If your audience is declining, those who remain are unlikely to tell you how to increase the size of your audience. As such, you may want to take audience survey results with a grain of salt. The same applies to metrics like average listen time. Increased engagement among a decreasing number of people isn't always sustainable in the long term.
A new vs. returning listener analysis can help identify signals of churn among returning listeners, and help avoid the trap of over-serving the desires and consumption patterns of a declining audience.
How to calculate new vs. returning listeners
Even though new vs. returning breakdowns do not appear in their dashboards, both Apple Podcasts Connect and Spotify for Creators offer podcasters the ingredients necessary to calculate new vs. returning listener breakdowns for themselves. To make the calculation, we need two basic ingredients:
A running tally of cumulative all-time unique verified listeners over time
Time-windowed daily, weekly, or monthly counts of unique verified listeners
From there, we can rely on the inclusion-exclusion principle to derive a breakdown of new vs. returning audience. Once you have the two sets of required timeseries data, the arithmetic is very simple.
A quick note for measurement nerds
"Wait a minute, Dan," you might be thinking to yourself. "You said that most podcast apps don't report on listener churn and retention. Didn't Chartable offer episode-to-episode retention metrics?"
Yes... sort of. Chartable and a handful of other measurement companies have offered episode-to-episode retention metrics. All of them are based on the IAB's flawed (and misleading) "listeners" number, which is in turn based on downloads. There are several issues with this. Firstly, repeat downloading is not the same as repeat listening, especially when automatic downloads are a factor. Secondly, IAB's download and "listener" measures are based on IP address and user agent strings. In the vast majority of cases, these are not stable identifiers over time. My phone's IP address today is not the same as my phone's IP address last week. And it's certainly not the same IP address as last month, or last year.

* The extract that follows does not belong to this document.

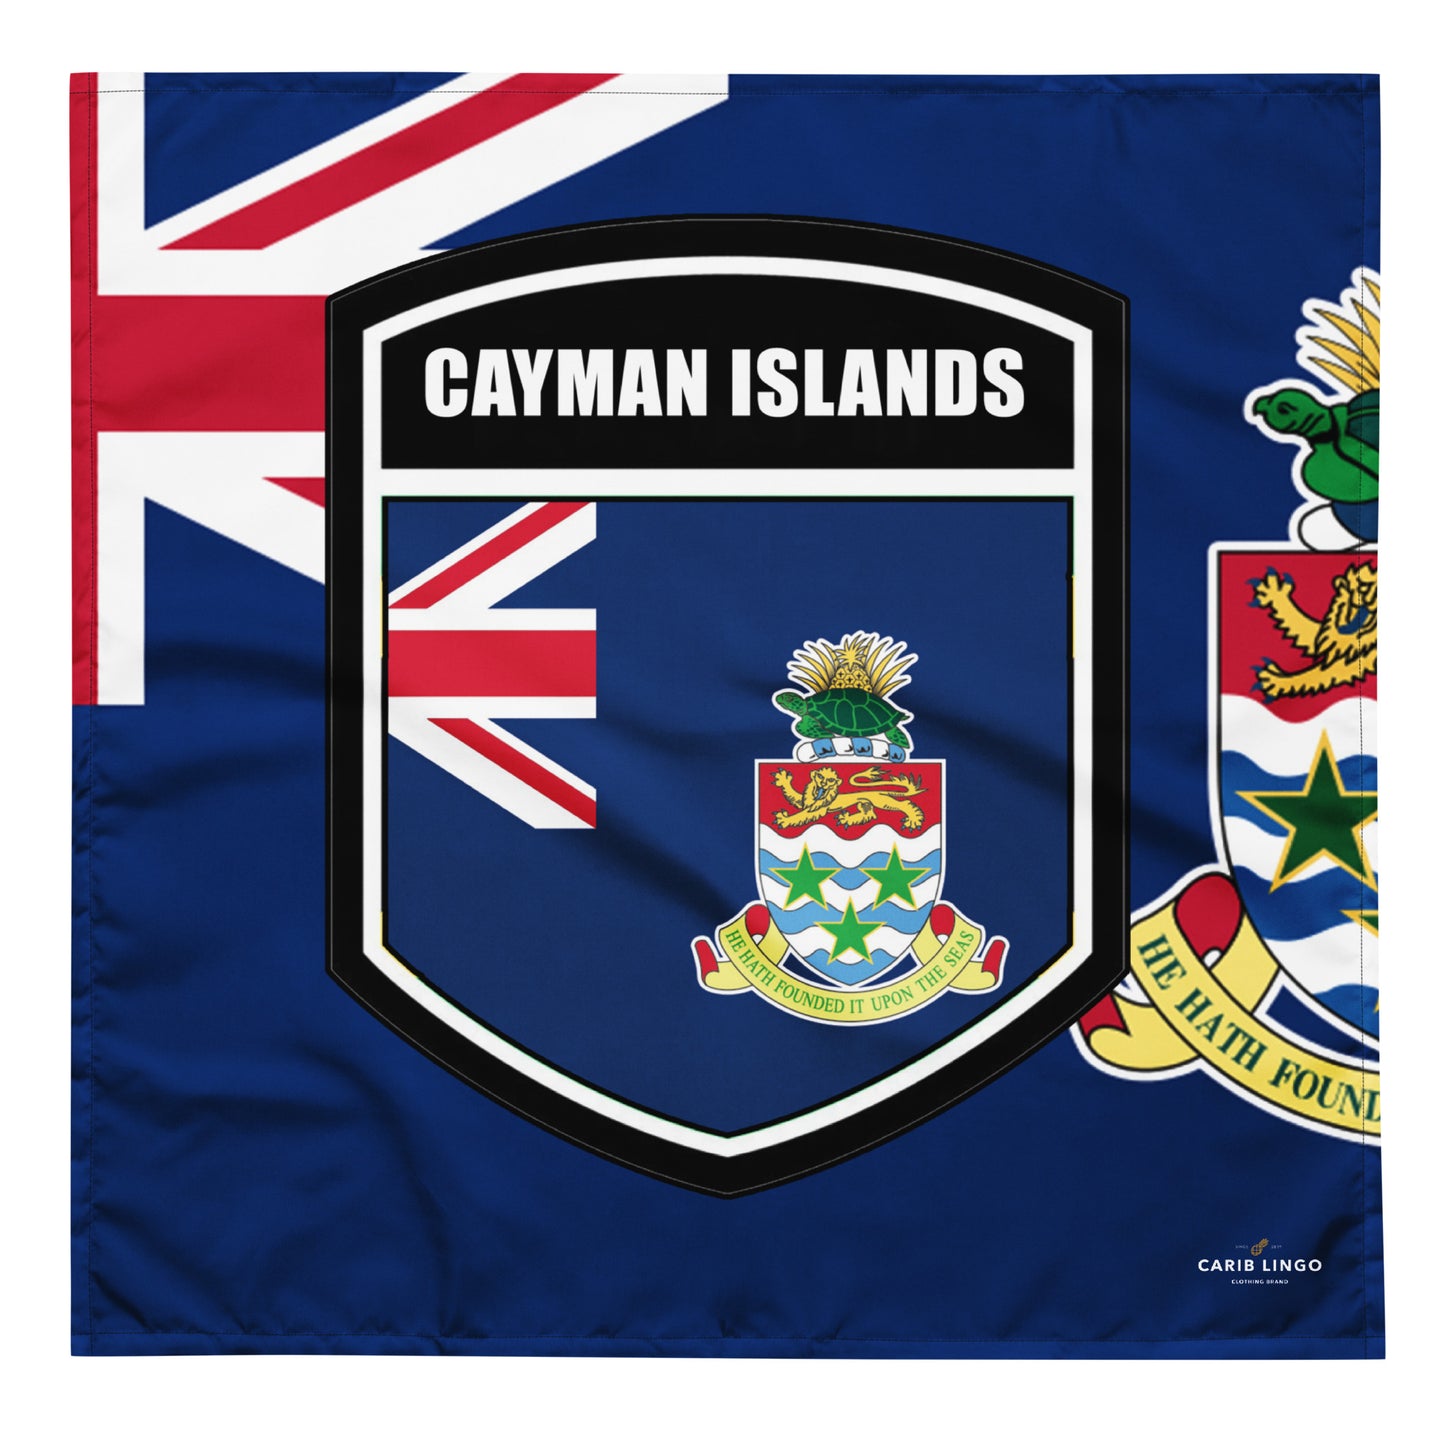 Cayman Islands bandana

Any audience retention measure built on top of IP addresses is almost certainly guaranteed to show a steady, inevitable march towards 100% churn. Why? Because eventually, nearly everyone's IP address changes.

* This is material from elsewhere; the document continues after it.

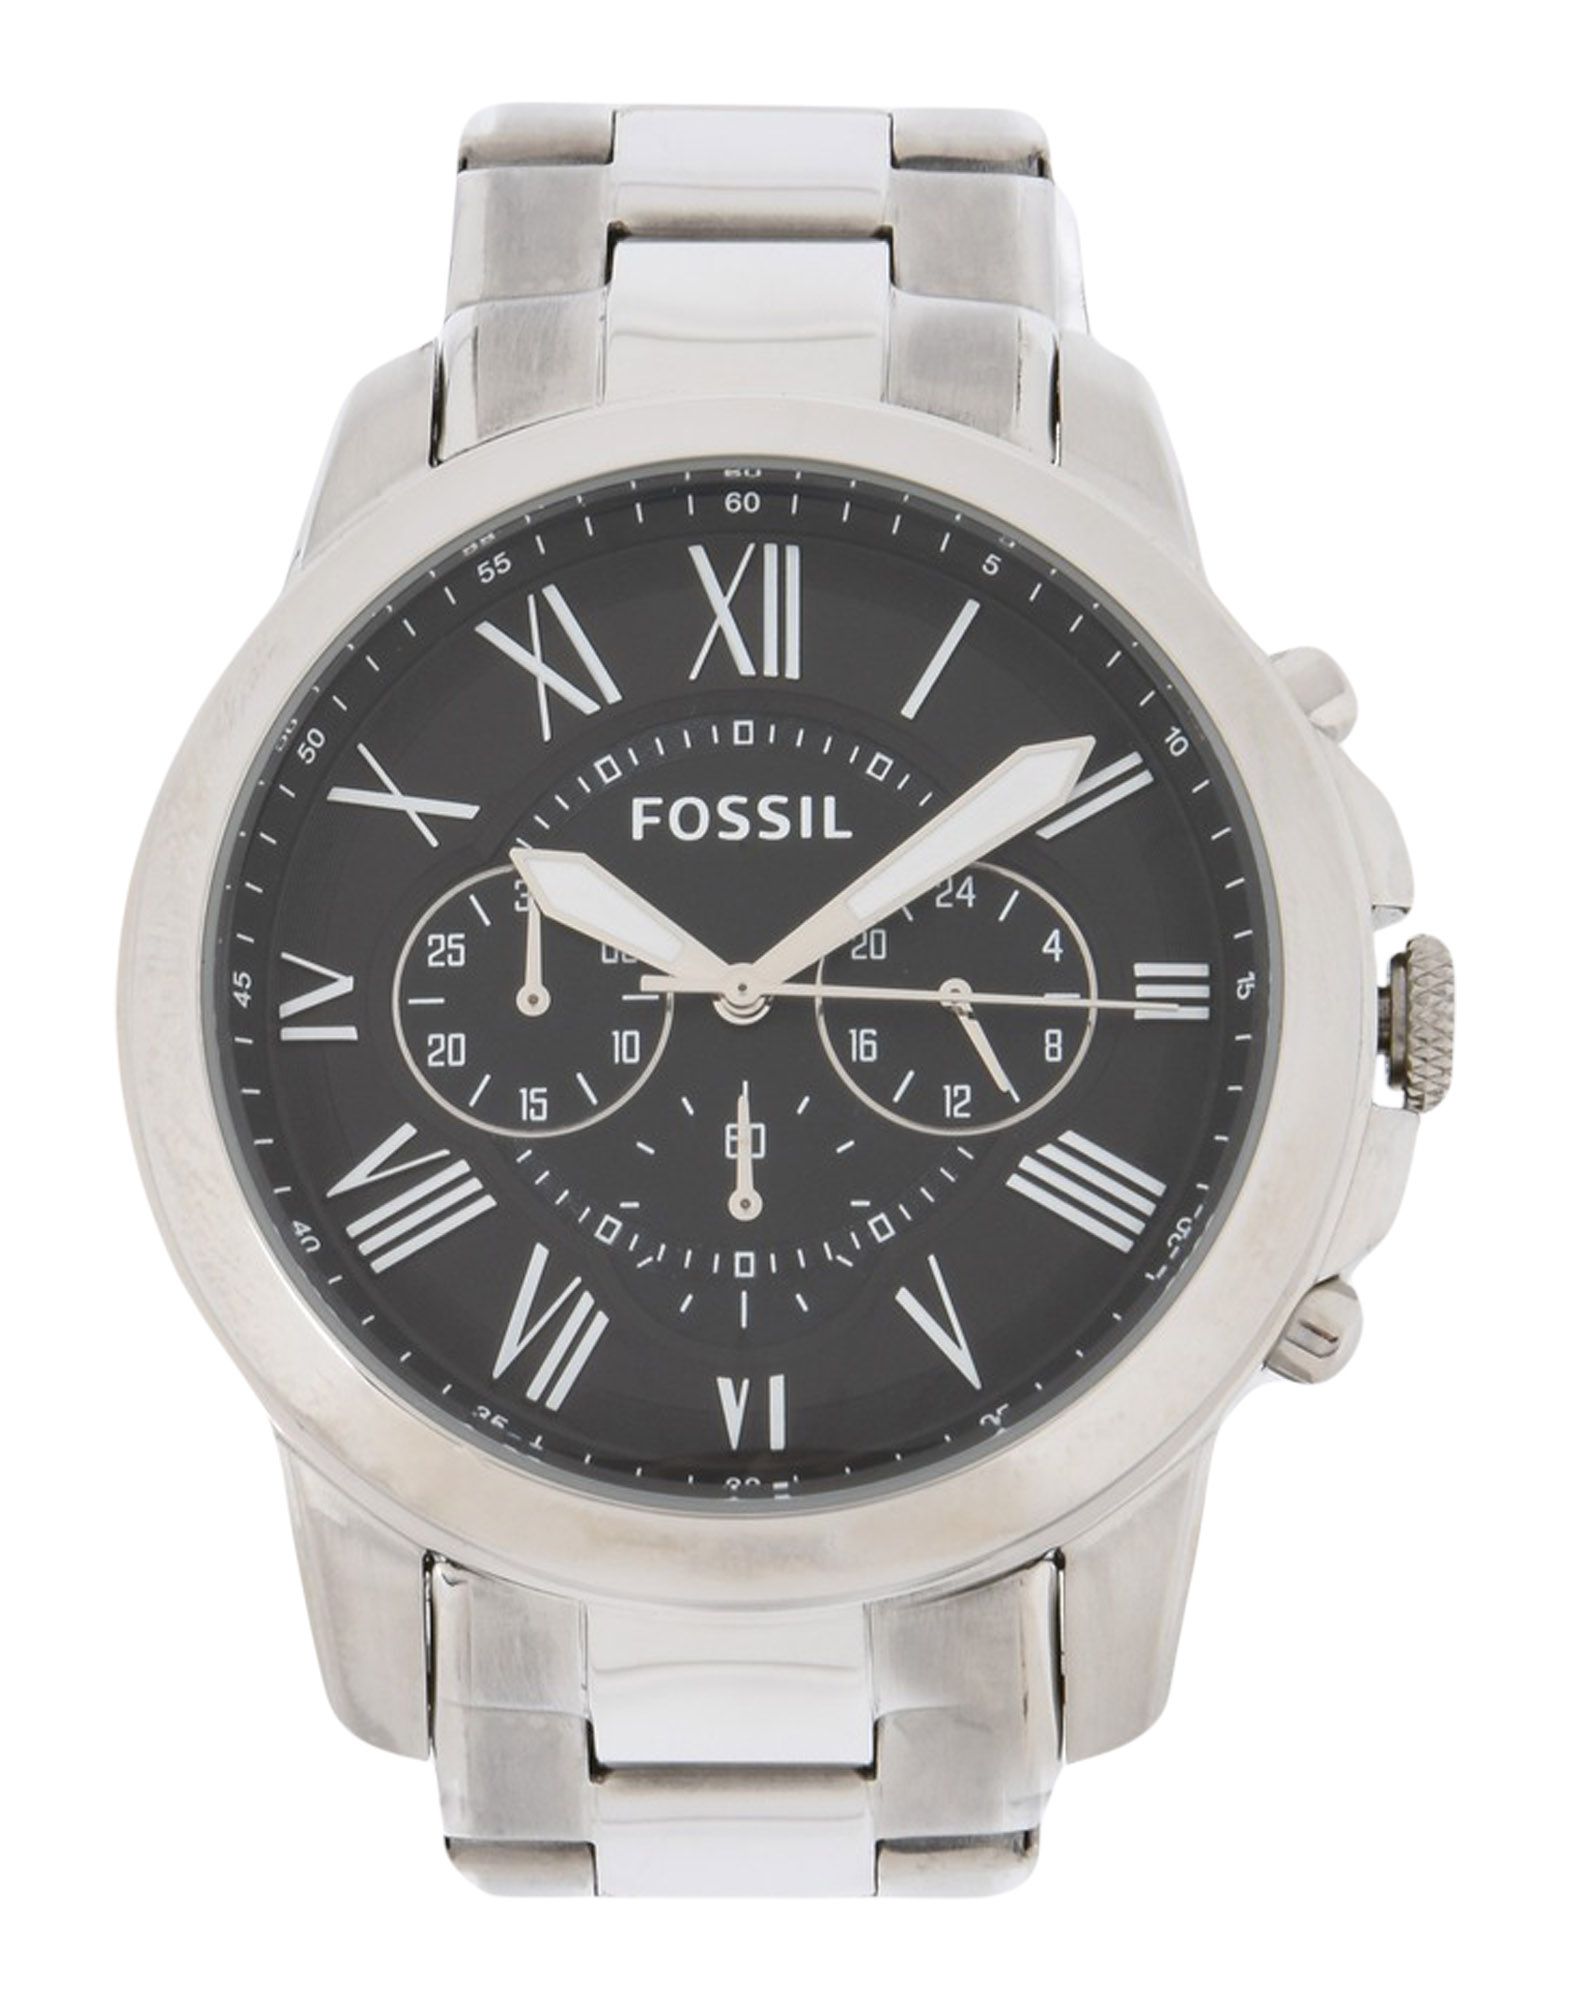 《送料無料》FOSSIL メンズ 腕時計 シルバー ステンレススチール GRANT

The technique Bumper uses to calculate new and returning listeners is not based on volatile identifiers like IP addresses. Rather, it's based on first-party data from Apple and Spotify, where consumption is tied back to unique user accounts and device IDs, which are significantly more stable over time.

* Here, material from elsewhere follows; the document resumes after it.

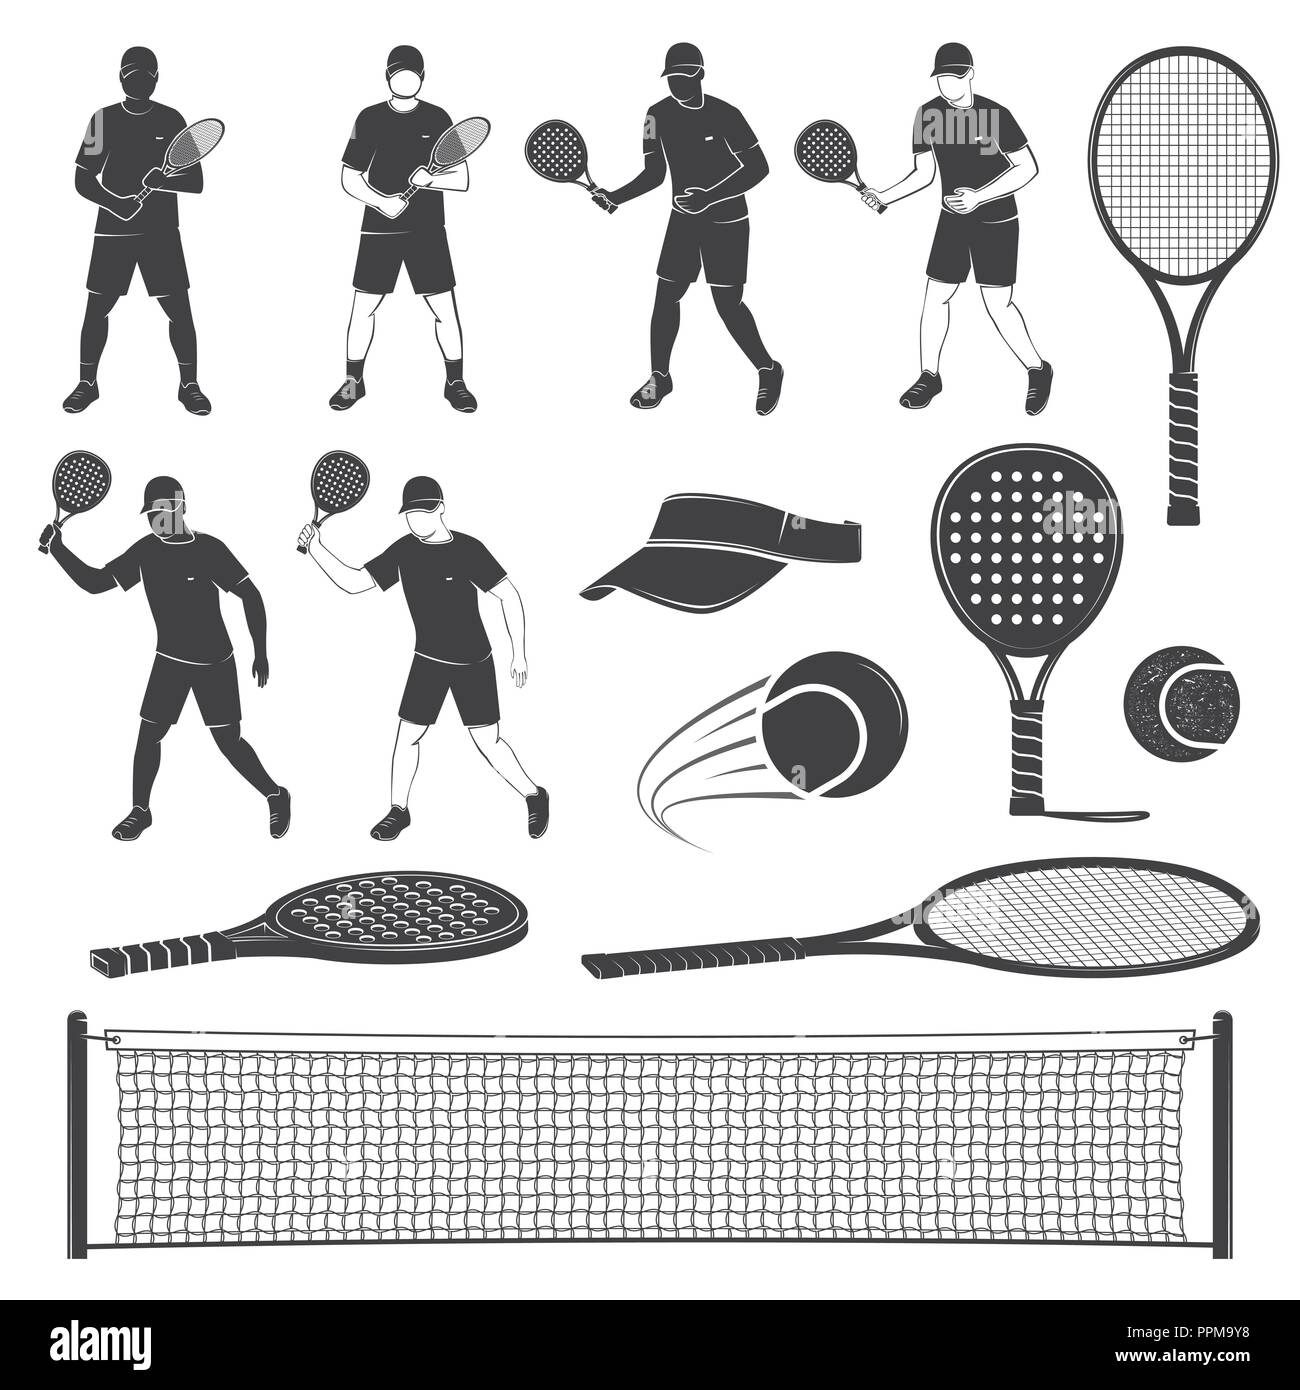 Paddle tennis Banque d'images détourées - Alamy

New and returning listener analysis is coming to the Bumper Dashboard
I've spent a lot of time analyzing Bumper's clients' shows through the lens of new vs. returning listeners. I've spotted a number of patterns that suggest healthy growth over time, and patterns that shed light on symptoms related to declining audiences.
After years of wishing for this metric, I'm delighted that we've identified a technique to calculate it, and we've started to use it in our work with clients. It's been so useful that we plan to add it to the Bumper Dashboard, our proprietary measurement aggregation tool.
If you have access to the Bumper Dashboard, stay tuned. If you don't have access to the dashboard, we have a waiting list.
Remember
Sustainable podcast audience growth requires both net new listeners, and returning listeners
Daily, weekly, and monthly listener counts are directionally helpful, but often hide detail about audience composition
YouTube Studio offers a new vs. returning audience comparison. Apple Podcasts Connect and Spotify for Creators do not. Despite this, podcasters can manually compute new vs. returning audience figures using data provided by Apple and Spotify.
Effective podcast marketing convinces prospective net new listeners to sample a show. These listeners show up as net new first-time listeners.
Great shows keep listeners listening again and again. These listeners show up as returning listeners.